Re: [PATCH v5 03/16] power: sequencing: Add pwrseq_power_is_on()
From: Bartosz Golaszewski
Date: Thu Jul 16 2026 - 04:14:50 EST
On Thu, 16 Jul 2026 06:59:01 +0200, Chen-Yu Tsai <wenst@xxxxxxxxxxxx> said:
> On Wed, Jul 15, 2026 at 8:10 PM Bartosz Golaszewski <brgl@xxxxxxxxxx> wrote:
>>
>> On Wed, 15 Jul 2026 11:29:02 +0200, Andy Shevchenko
>> <andriy.shevchenko@xxxxxxxxxxxxxxx> said:
>> > On Wed, Jul 15, 2026 at 04:53:33PM +0800, Chen-Yu Tsai wrote:
>> >> The power sequencing consumer API already does power on state tracking
>> >> internally. Expose the state to consumers through pwrseq_power_is_on()

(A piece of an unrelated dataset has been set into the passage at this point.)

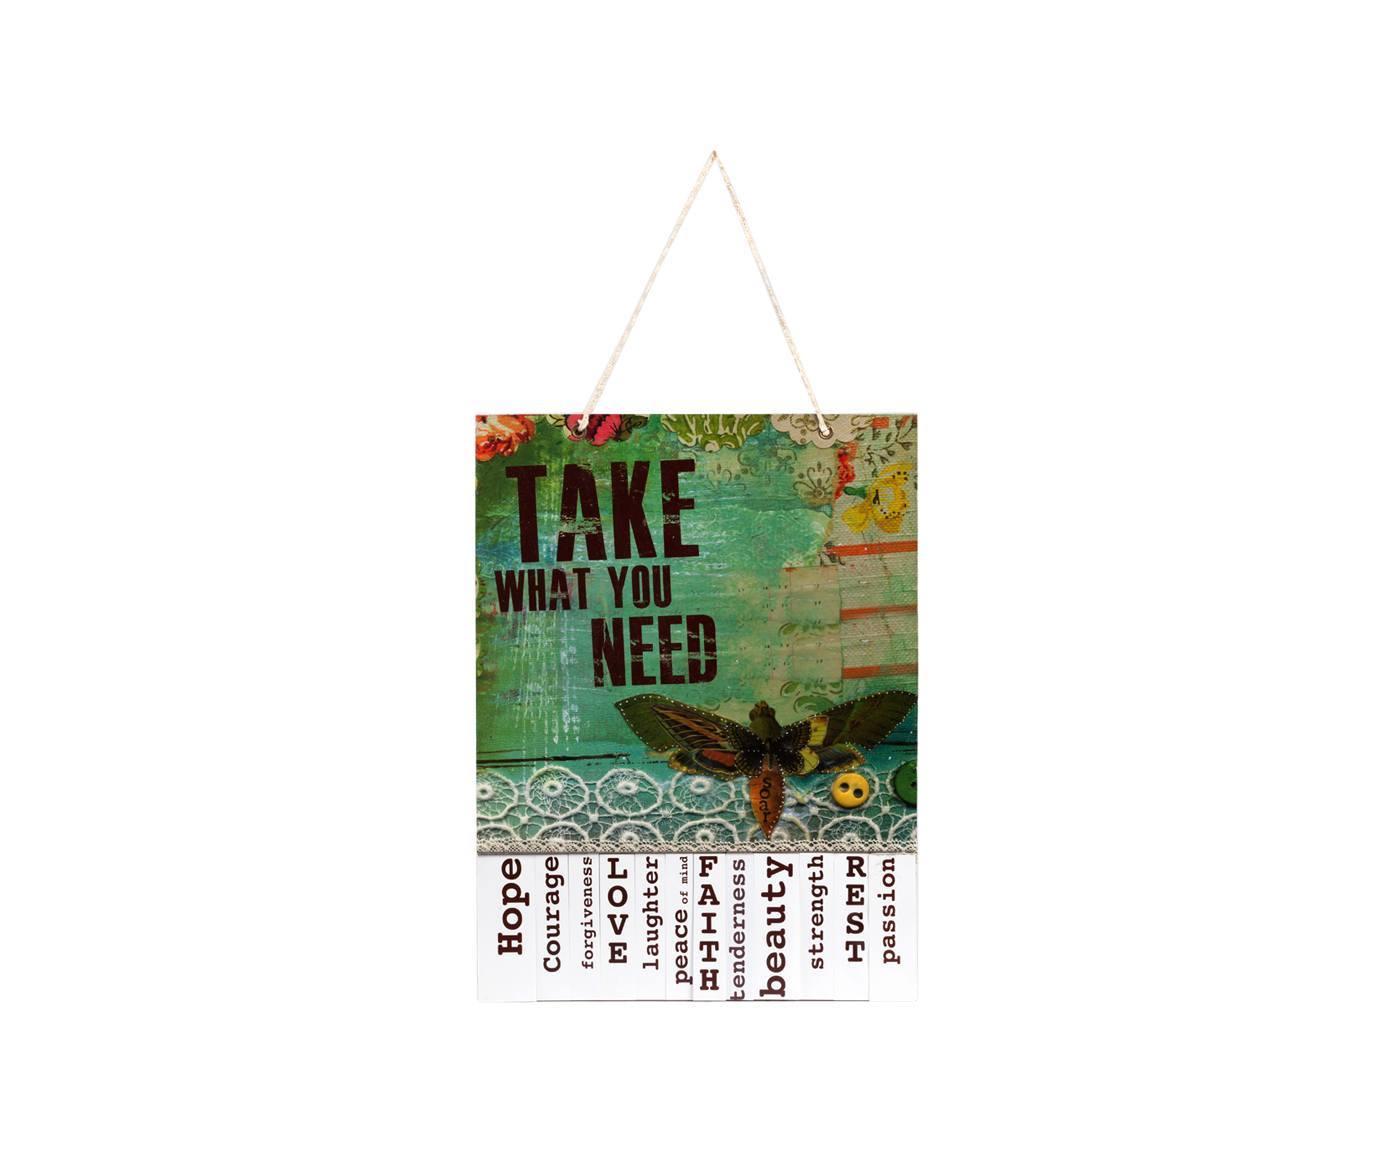 Предмет декора доска желаний Take What You Need MintДругое<br>Элемент декора — доска желаний Take What You Need Mint — это яркий и насыщенный аксессуар, который украсит собой стены вашего дома и добавит ему красочности, уюта и некоей игривости. Говорящая надпись (в переводе с английского означает «берите все, что вам нужно») на основании из МДФ и очаровательные рисунки не оставят равнодушным ни одного члена вашей семьи. Доску можно приобрести отдельно или в паре с предметом декора той же коллекции.<br><br>Material: МДФ<br>Width см: 31<br>Height см: 41

>> >> so that they don't have to reimplement it locally.
>> >
>> > Reviewed-by: Andy Shevchenko <andriy.shevchenko@xxxxxxxxxxxxxxx>
>> >
>> > ...
>> >
>> >> +/**
>> >> + * pwrseq_power_is_on() - Queries the last requested state of the power sequencer.
>> >> + * @desc: Descriptor referencing the power sequencer.
>> >> + *
>> >> + * This returns the last requested state of the power sequencer.
>> >> + *
>> >> + * Returns:
>> >> + * On success, 1 for on or desc is NULL (optional) and 0 for off;
>> >> + * negative error number on failure.
>> >
>> > I would rephrase it a bit.
>> >
>> > * On success, 1 for on and 0 for off; negative error number on failure.
>> > * If desc is NULL (means optional) return 1.
>> >
>> > And this rises a question: why 1? Shouldn't it be some "unknown" state?
>> > (But since Bart Acked this, this doesn't prevent the patch to go, you
>> > got my tag above.)
>> >
>>
>> No, this is good feedback. Maybe we should prefer an enum like so:
>>
>> enum pwrseq_state {
>> PWRSEQ_POWER_UNKNOWN,
>> PWRSEQ_POWER_ON,
>> PWRSEQ_POWER_OFF
>> };
>
> Well I think the crux of it is whether the API considers the descriptor
> optional. The power on/off functions suggest that is the case.
>
True. That may be an inconsistency of the API contract on my part. There's no
such thing as an optional variant of pwrseq_get() so perhaps pwrseq_power_on()
and pwrseq_power_off() should be converted to returning -EINVAL on NULL
descriptor.
> I modeled this on reset_control_status(). I believe the rationale is that
> if the reset control or pwrseq is optional, then either there is some
> other mechanism to deal with the reset (GPIO) or pwrseq (GPIO + regulator),
> or it's always on and operational.
>
> In such cases and the rare case where one has to query the state, the
> queries are possibly chained together and I think it makes sense to
> assume the "operational" state as the fallback.
>
> If this returns an enum, then I think the previous approach of returning
> an error value for an invalid descriptor is better. One doesn't need to
> learn a new set of return values.
>
> I'm fine either way. I would just move the checks over to the consumer
> side. But I think the principles guiding the overall API design is
> something you need to provide:
>
> - Is the descriptor optional? What should the action functions
> (power on / off , or query status) return when NULL is given?
> - Is the subsystem optional? Should the stub functions besides
> pwrseq_get() return 0 instead of -ENOSYS?
>
> Right now the API feels like the descriptor is optional but the
> subsystem is not. One has to add IS_ENABLED(CONFIG_POWER_SEQUENCING)
> around the consumer API to make it an optional feature.
>
There's one more use-case where the power state trully can be *unknown*.
Please look at the proposed new function from Loic[1]. Here we deal with
targets over which linux has no direct power control even though it may still
control some of its dependencies. This is where an UNKNOWN state may make
sense.
This is where I also floated an idea of renaming pwrseq_power_on/off() to
pwrseq_vote_on/off() for better clarity of their purpose.